Eiser heeft tegen deze aanslagen beroep ingesteld, waarbij hij betoogde dat de navorderingsaanslag te laat was opgelegd en dat er geen nieuw feit was voor de correcties die door de Belastingdienst waren aangebracht. De rechtbank oordeelde dat de navorderingsaanslag tijdig was opgelegd en dat de inspecteur terecht correcties had aangebracht op basis van verzwegen inkomsten en een gefingeerde factuur. De rechtbank verwierp het standpunt van eiser dat de correcties onterecht waren en concludeerde dat de inspecteur voldoende bewijs had geleverd voor de correcties. De rechtbank matigde de vergrijpboete tot 19% van de grondslag, rekening houdend met de overschrijding van de redelijke termijn in de procedure.
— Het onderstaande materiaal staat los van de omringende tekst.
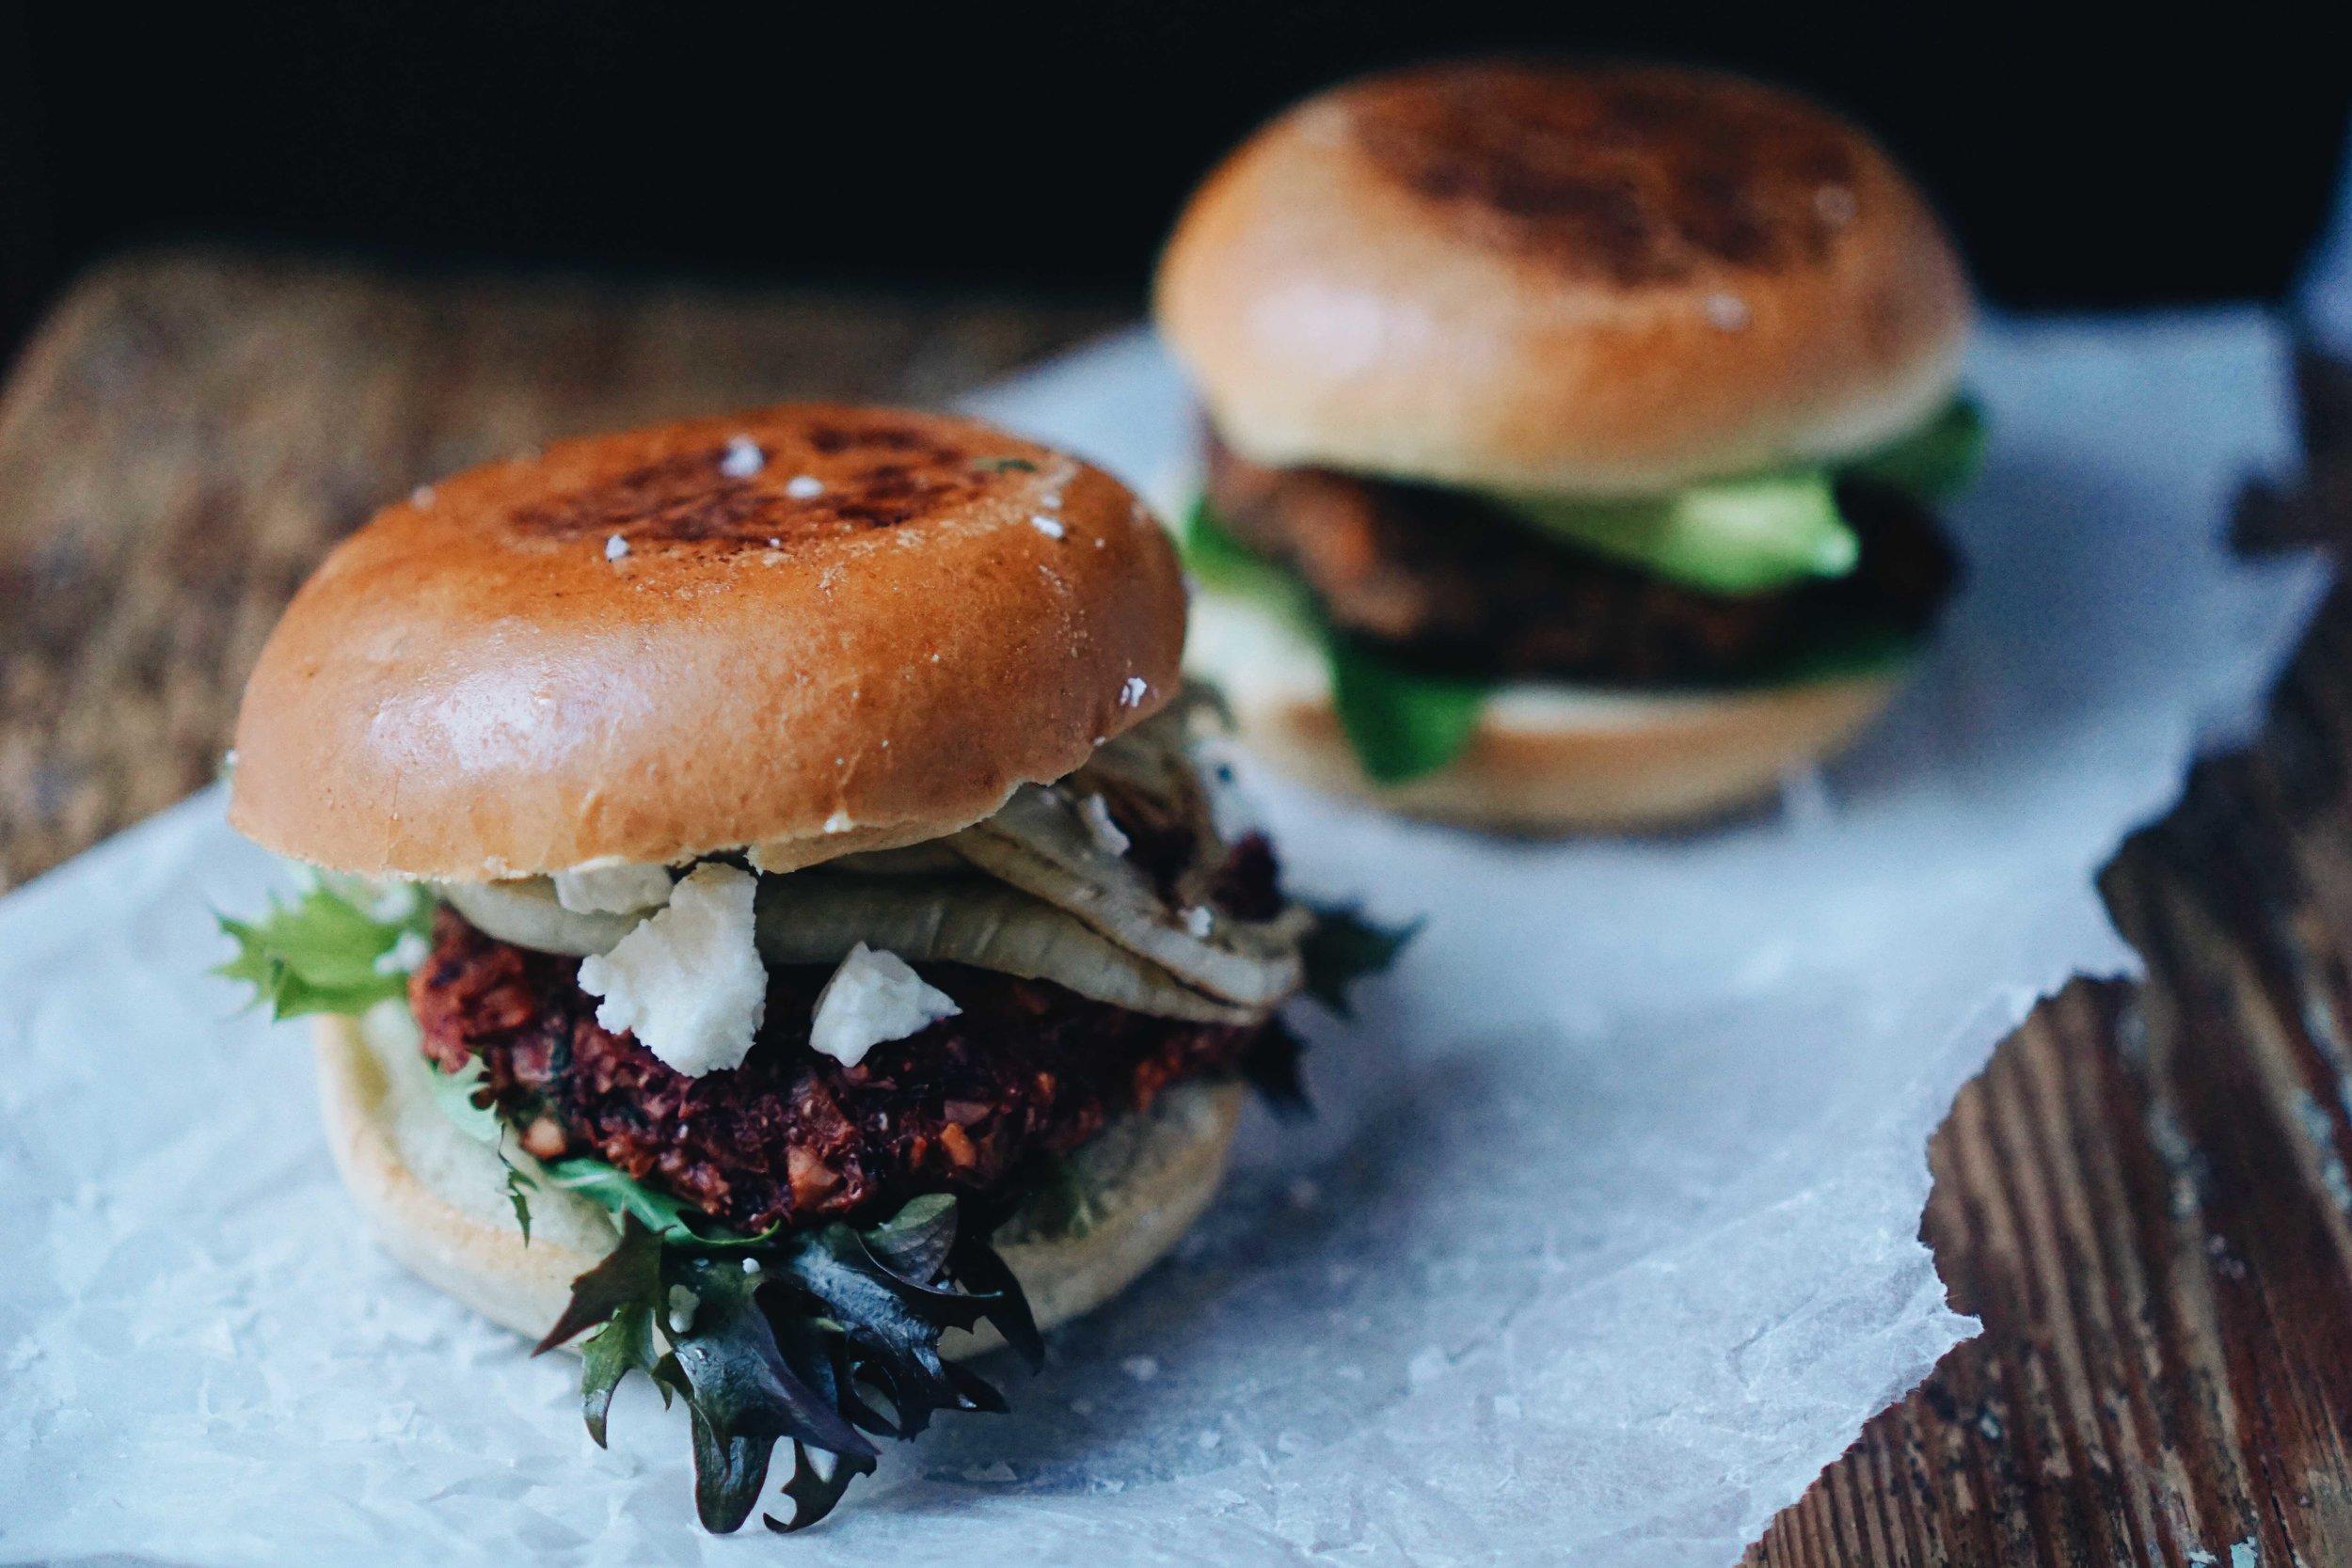 Vegetarian burger on the left, vegan on the right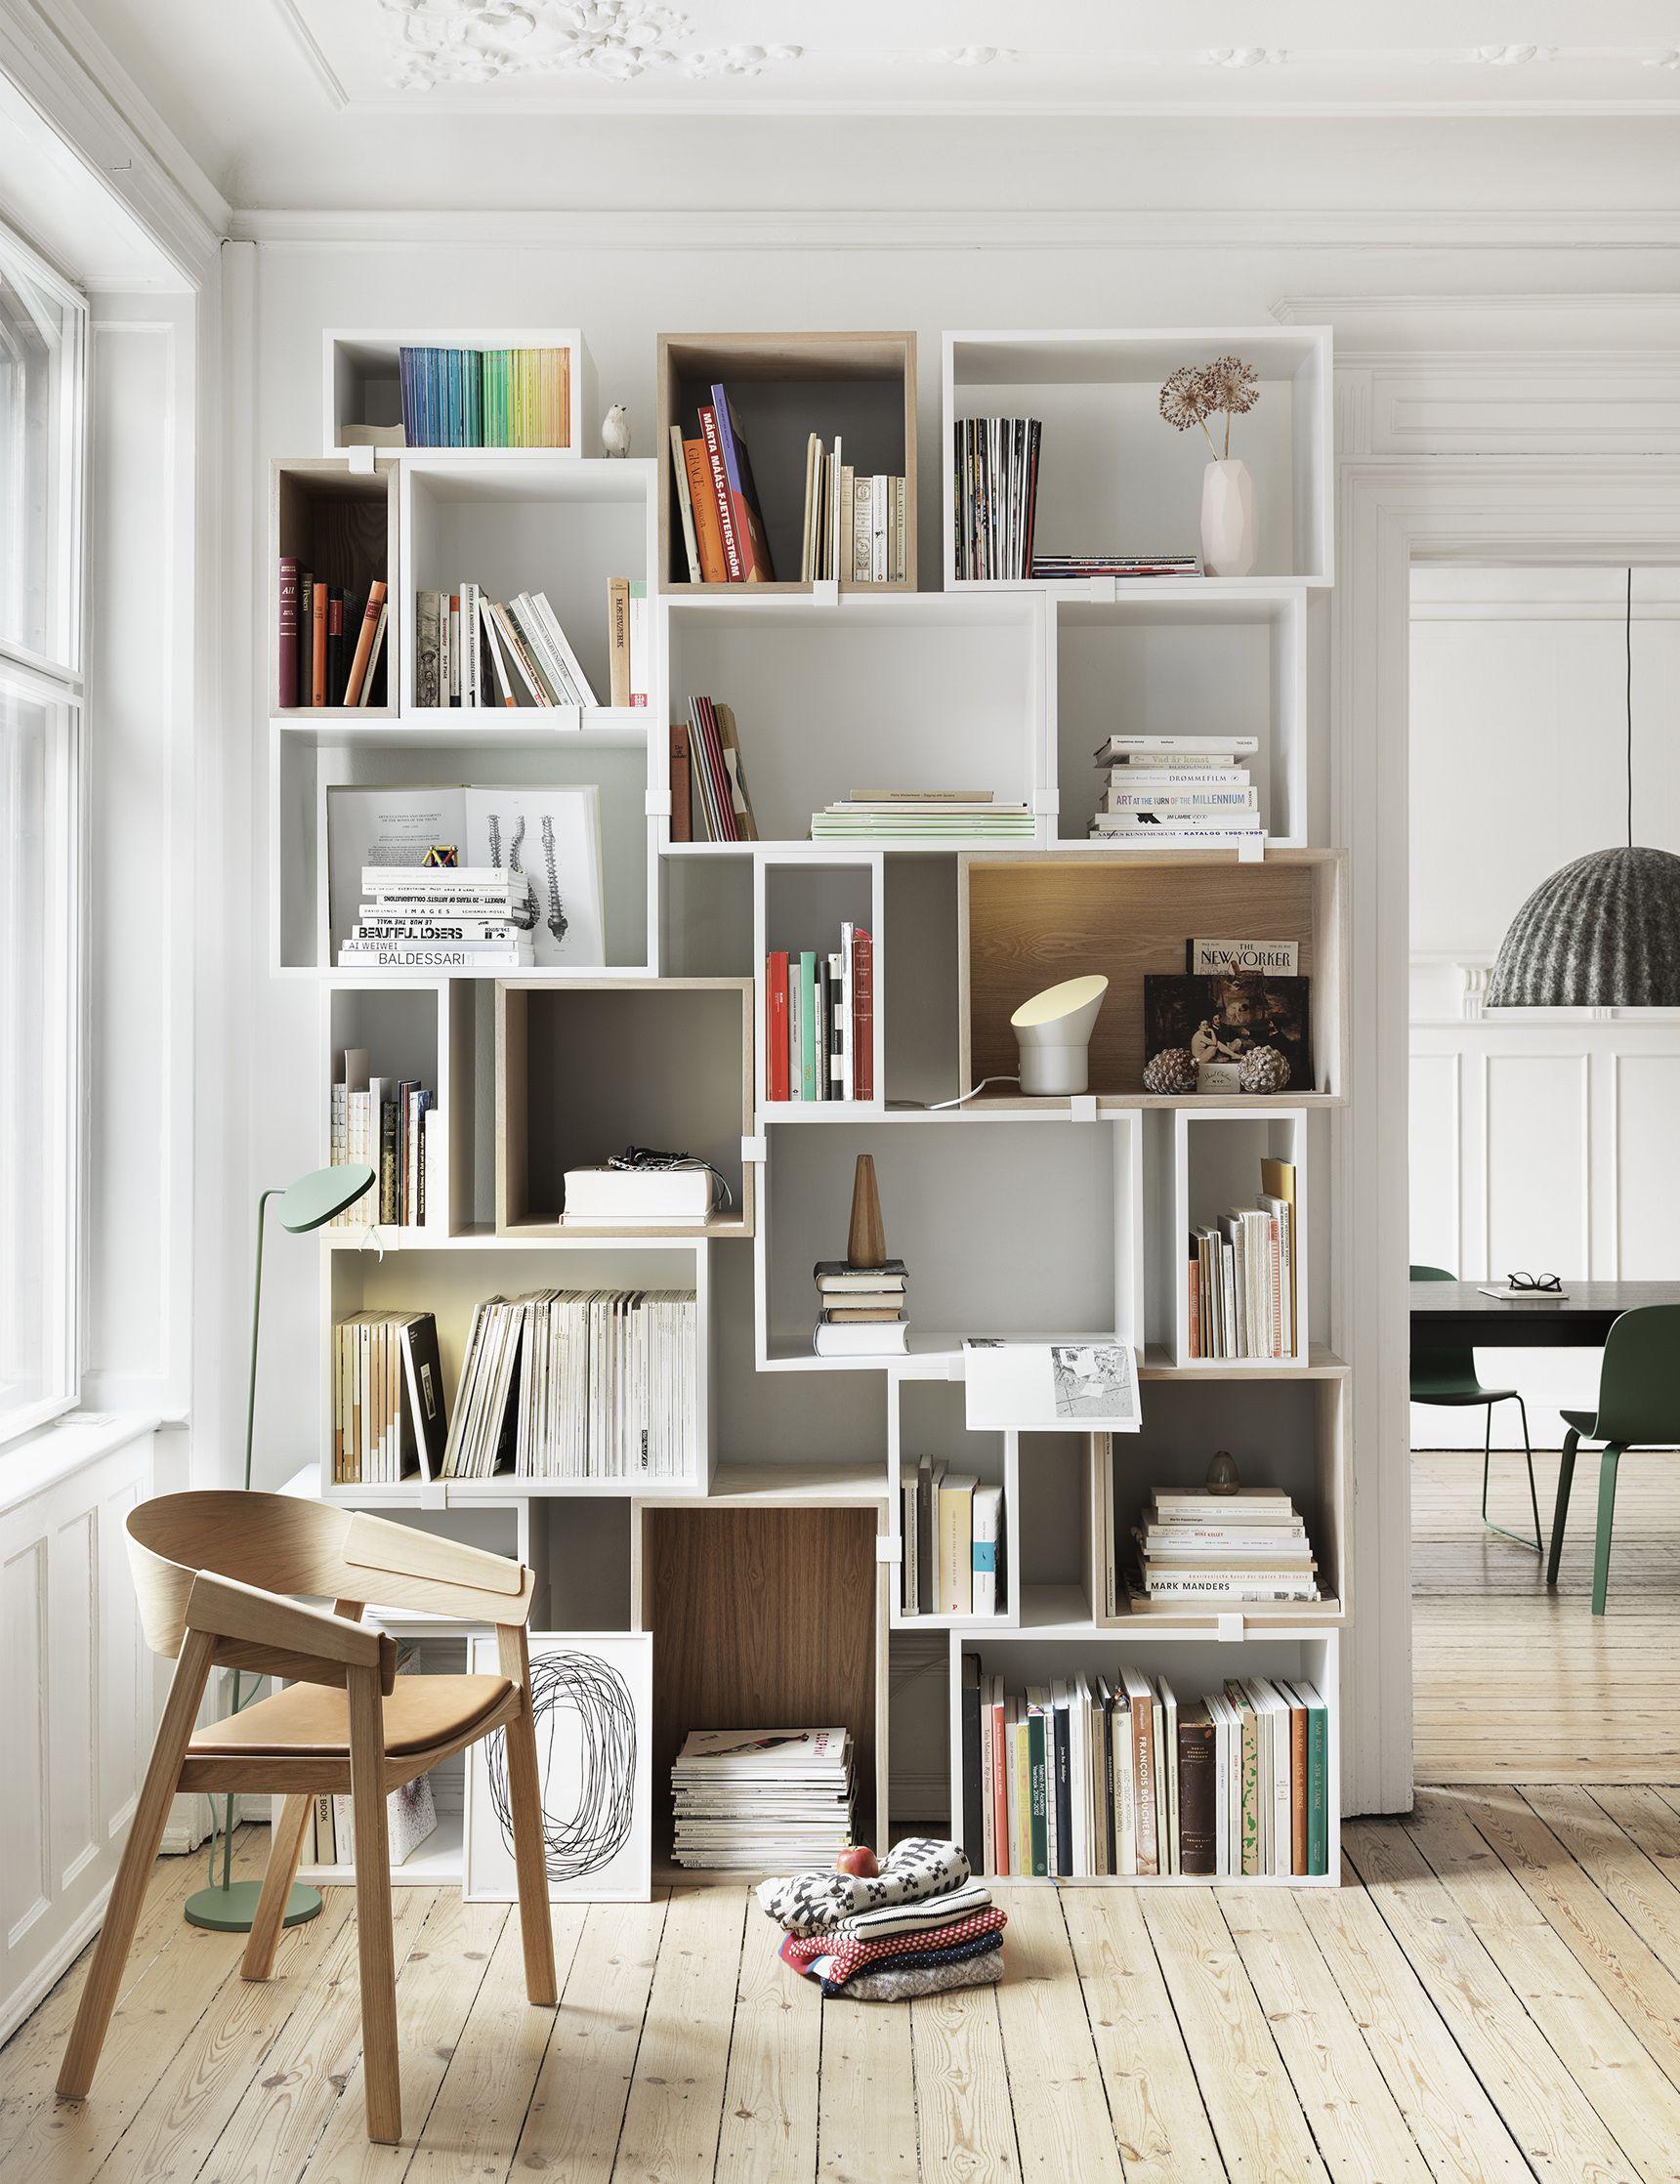 Merveilleux The Best DIY Projects U0026 DIY Ideas And Tutorials: Sewing, Paper Craft, DIY.  Best DIY Furniture U0026 Shelf Ideas 2017 / 2018 Muuto Stacked Shelf Wishlist   Read ...

De rechtbank verklaarde de beroepen gegrond, vernietigde de uitspraken op bezwaar en verminderde de navorderingsaanslag en de aanslag voor de jaren 2003 en 2005. Tevens werd de proceskostenvergoeding aan eiser toegewezen.

Uitspraak

RECHTBANK HAARLEM
Sector bestuursrecht, meervoudige belastingkamer
Zaaknummers: AWB 10/2795 en 10/2796
Uitspraakdatum: 8 juni 2011
Uitspraak in de gedingen tussen
[X], wonende te [Z] , eiser,
gemachtigde: R. Tangenberg
en
de inspecteur van de Belastingdienst/Holland-Midden, kantoor Haarlem, verweerder.
10/2795
1.
Ontstaan en loop van het geding
1.1. Verweerder heeft met dagtekening 31 december 2008 aan eiser voor het jaar 2003 een navorderingsaanslag (aanslagnummer [#] .H37) inkomstenbelasting en premie volksverzekeringen (hierna: IB/PVV) opgelegd, berekend naar een belastbaar inkomen uit werk en woning van € 56.125 en een belastbaar inkomen uit aanmerkelijk belang van
€ 21.390. Bij beschikkingen met dezelfde dagtekening is aan eiser een vergrijpboete opgelegd van € 7.000 en is een bedrag van € 5.627 aan heffingsrente in rekening gebracht.
1.2. Verweerder heeft met dagtekening 18 september 2009 aan eiser voor het jaar 2005 een aanslag (aanslagnummer [#] .H56) IB/PVV opgelegd, berekend naar een belastbaar inkomen uit werk en woning van € 64.471 en een belastbaar inkomen uit aanmerkelijk belang van € 50.933. Bij beschikking met dezelfde dagtekening is aan eiser een bedrag van
€ 6.157 aan heffingsrente in rekening gebracht.
1.3. Verweerder heeft bij uitspraken op bezwaar van 4 mei 2010 de navorderingsaanslag, de aanslag en de beschikkingen gehandhaafd.
1.4. Eiser heeft daartegen beroep ingesteld. Verweerder heeft op de zaken betrekking hebbende stukken overgelegd en verweerschriften ingediend.
1.5. Eiser heeft vóór de zitting nadere stukken ingediend in het dossier met het nummer 10/1707. Nu deze stukken behoren bij de pleitnota welke gemachtigde ter zitting heeft voorgedragen die ook op de onderhavige zaak betrekking heeft, heeft de rechtbank deze stukken eveneens in onderhavig dossier gevoegd. Deze stukken zijn in afschrift verstrekt aan verweerder.
1.6. Het onderzoek ter zitting heeft plaatsgevonden op 8 april 2011.
Namens eiser is verschenen de gemachtigde. Namens verweerder zijn verschenen Th. J. Louter, S. Gerkema en W.A. Minnaard. De zaken zijn gelijktijdig behandeld met de zaken van [A] B.V. welke onder de nummers 10/812, 10/1355, 10/1552, 10/1707 en 10/1915. De rechtbank heeft de stukken in deze zaken op verzoeken van partijen over en weer in de verschillende dossiers gevoegd.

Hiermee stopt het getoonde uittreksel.